US Tariffs: One Year On, Americans Face $1,000 Higher Bills

It's been one year since US President Donald Trump announced a 10% global tariff. The move has led …
One year ago, US President Donald Trump introduced a 10% global tariff, sparking a trade war with far-reaching consequences. The immediate impact was severe, with the stock market experiencing its worst drop since the pandemic. In response, countries scrambled to negotiate deals with Washington or retaliate with their own tariffs. Recently, the Supreme Court ruled that most of Trump's tariffs are illegal, citing the president's lack of authority to impose broad, open-ended tariffs under a national emergency. However, this ruling did not end the trade war. Within hours, Trump invoked a different statute to launch a temporary tariff, set to expire in July. The effects of the tariffs have already reshaped the US economy. The average effective US tariff rate surged from 2.6% to over 13%, the highest level since World War II. This significant increase has led to higher costs for American consumers.

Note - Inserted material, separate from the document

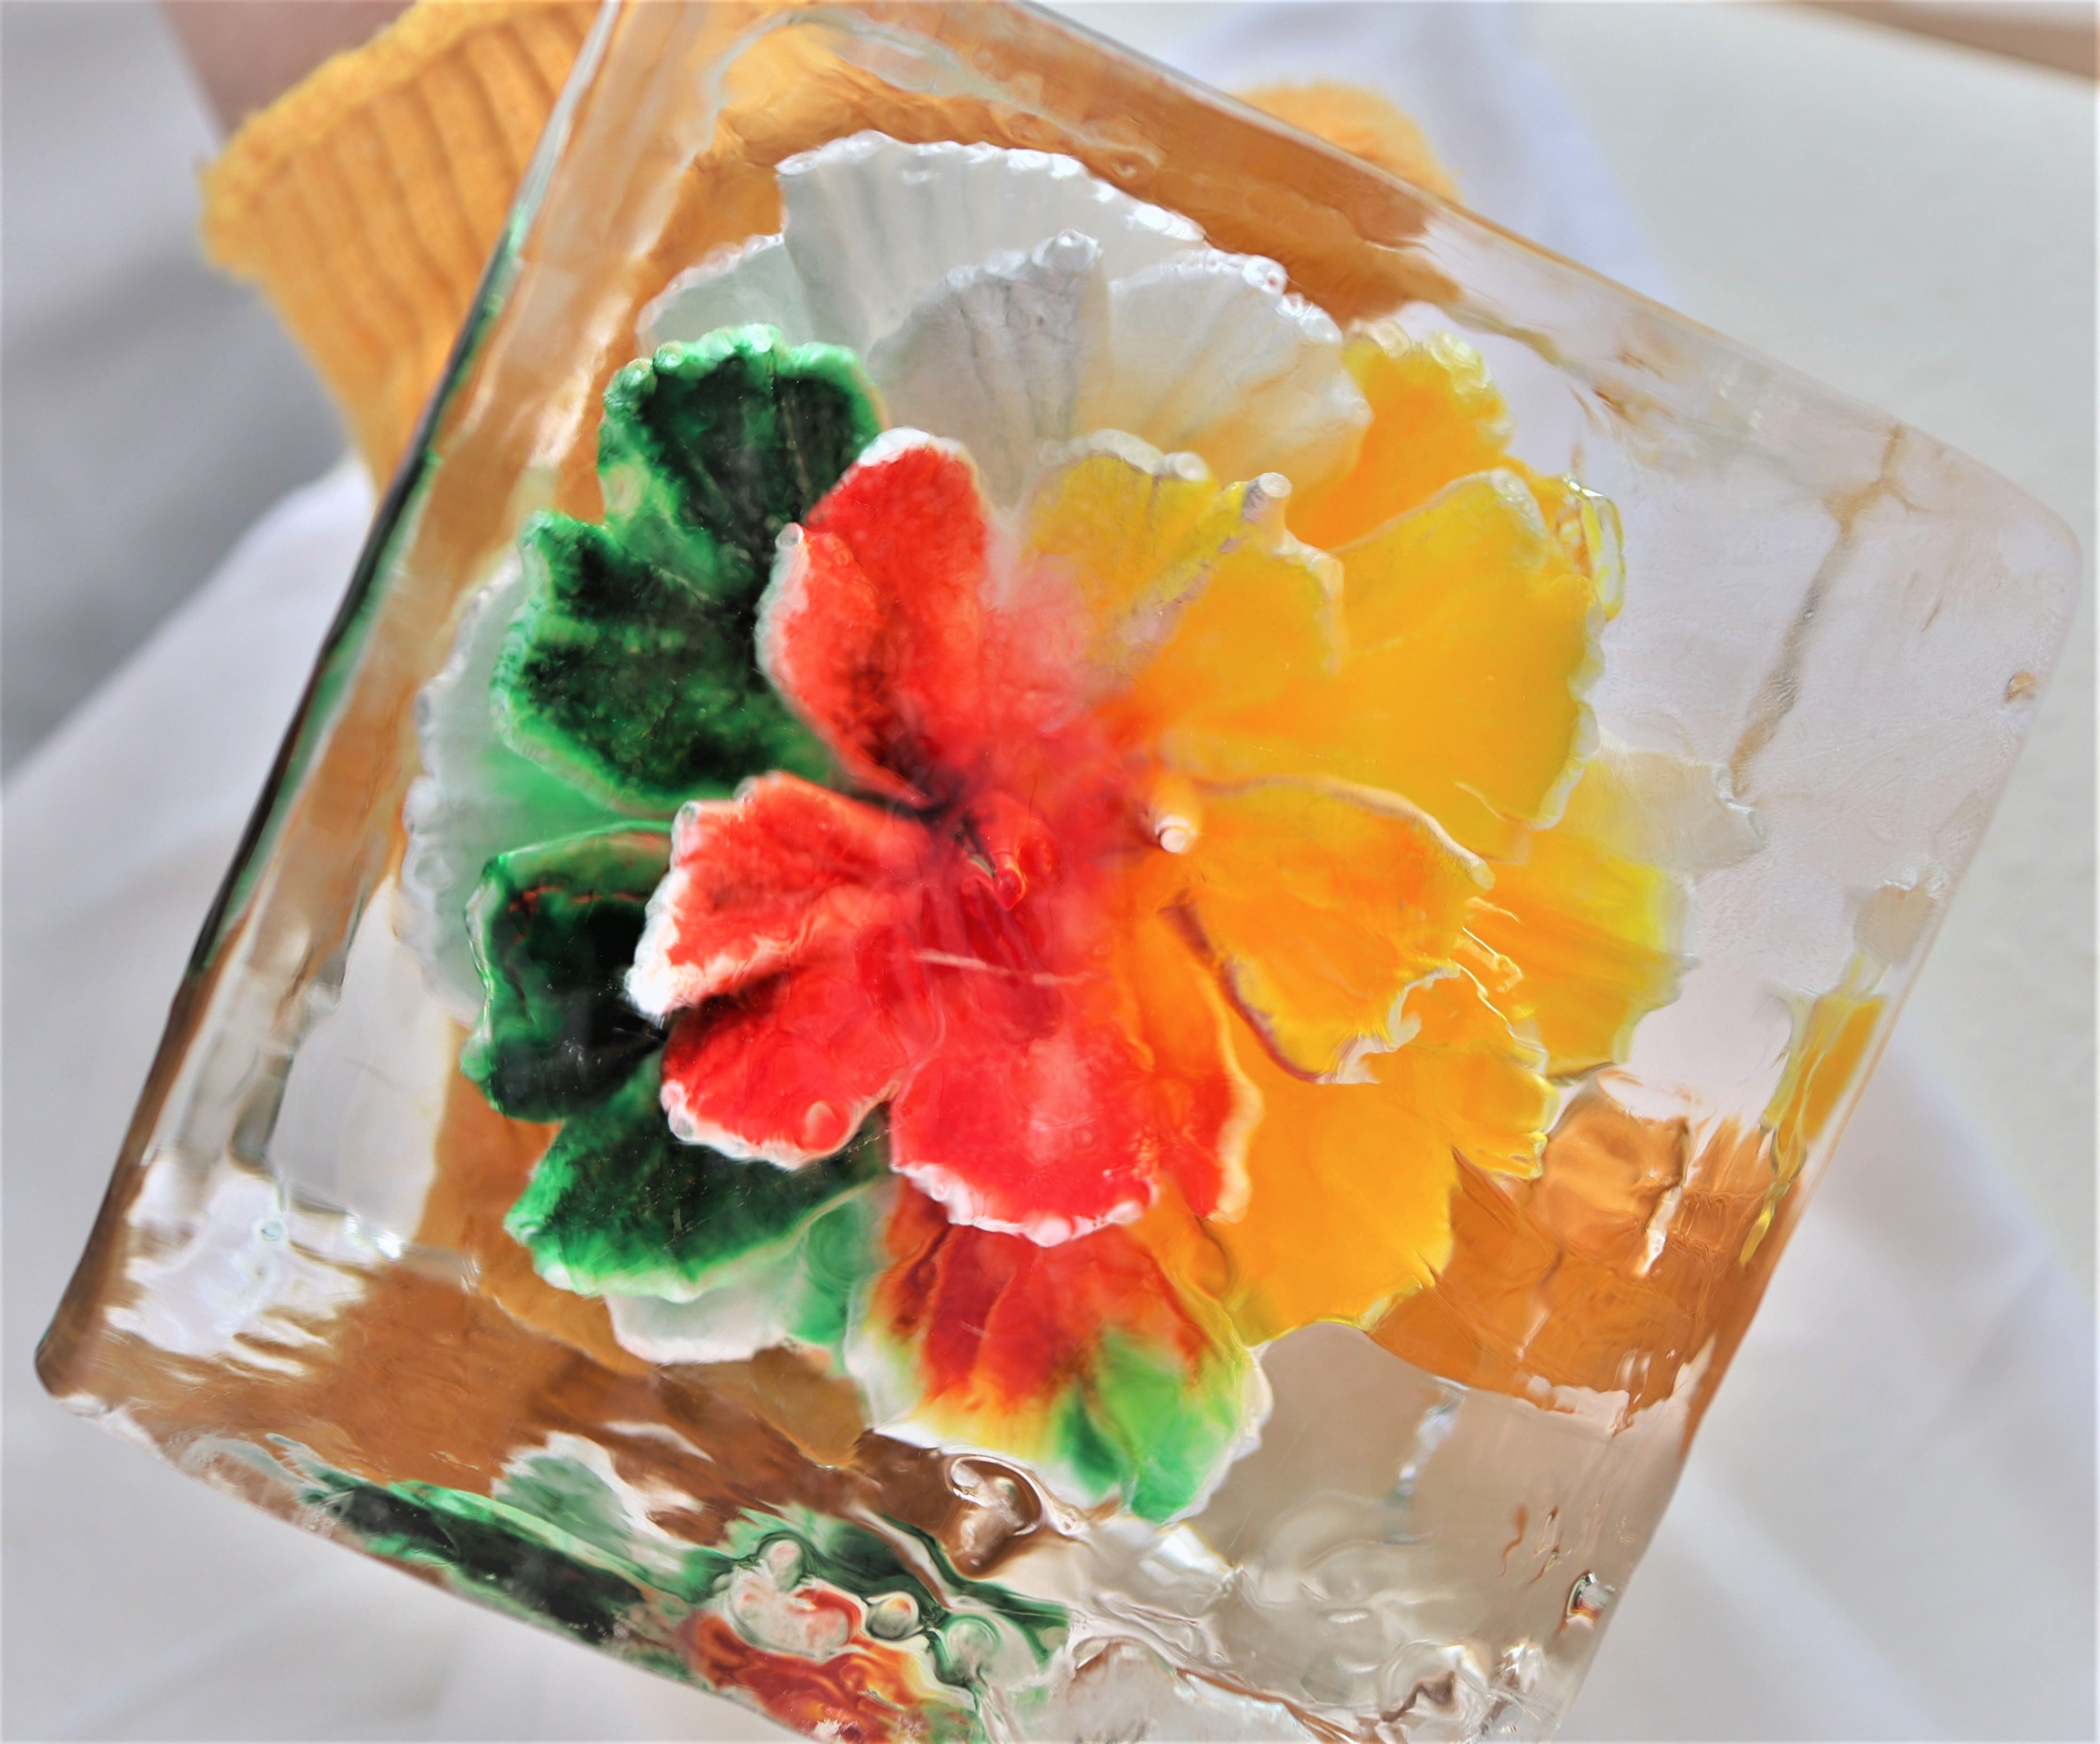 どんな色の氷の花が咲くかな お子さまと一緒に楽しめる夏限定イベント Futako Ice Flower を開催 エクセルホテル東急のプレスリリース

According to the Tax Foundation, US households paid $1,000 more in 2025 for the same goods. Tarrifs work by imposing a tax on foreign goods and services, making them more expensive and encouraging local purchases. Despite Trump's promise that tariffs would reduce the trade deficit and make the US richer, the reality is that the average US consumer is worse off. The Penn Wharton Budget Model reports that the US collected over $287.1 billion in customs duties in 2025 and $64.4 billion in 2026. Economists at the Federal Reserve Bank of New York found that nearly 90% of the economic burden from tariffs has fallen on US businesses and consumers, with foreign exporters absorbing only a small percentage of the cost. Lower-income households have been disproportionately affected, as they spend a higher proportion of their earnings on essential goods like food, clothing, and transportation. Following the Supreme Court's ruling, the government may be required to refund up to $175 billion to businesses that paid the tariffs. With Trump's tariffs being replaced by a flat 10% tariff, the Tax Foundation projects that the average cost to US households will fall to about $600. While an improvement, it remains a significant cost for consumers.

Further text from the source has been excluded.